Background: Malaria presents with unspecific clinical symptoms that frequently overlap with other infectious diseases and is also a risk factor for coinfections, such as non-Typhi Salmonella. Malaria rapid diagnostic tests are sensitive but unable to distinguish between an acute infection requiring treatment and asymptomatic malaria with a concomitant infection. We set out to test whether cytokine profiles could predict disease status and allow the differentiation between malaria and a bacterial bloodstream infection.
Methods: We created a classification model based on cytokine concentration levels of pediatric inpatients with either Plasmodium falciparum malaria or a bacterial bloodstream infection using the Luminex platform. Candidate markers were preselected using classification and regression trees, and the predictive strength was calculated through random forest modeling.

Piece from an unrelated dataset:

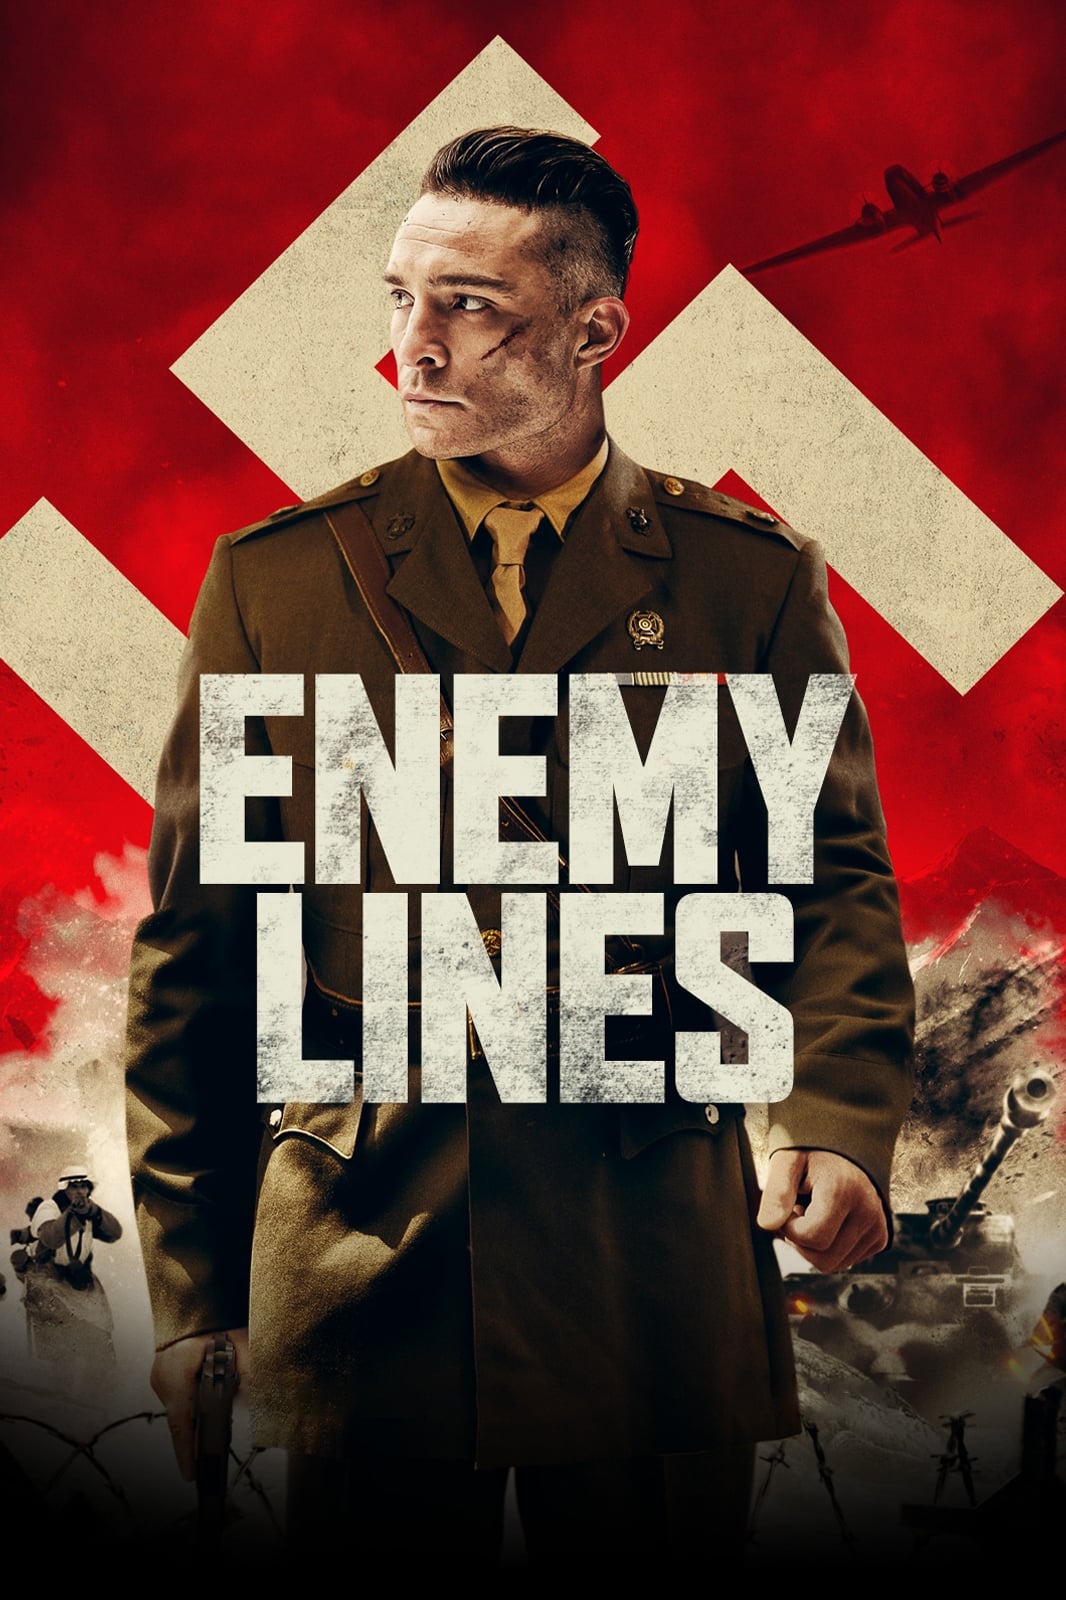 Enemy Lines (2020)

Results: Analyses revealed that a combination of 7-15 cytokines exhibited a median disease prediction accuracy of 88% (95th percentile interval, 73%-100%). Haptoglobin, soluble Fas-Ligand, and complement component C2 were the strongest single markers with median prediction accuracies of 82% (with 95th percentile intervals of 71%-94%, 62%-94%, and 62%-94%, respectively).
Conclusions: Cytokine profiles possess good median disease prediction accuracy and offer new possibilities for the development of innovative point-of-care tests to guide treatment decisions in malaria-endemic regions.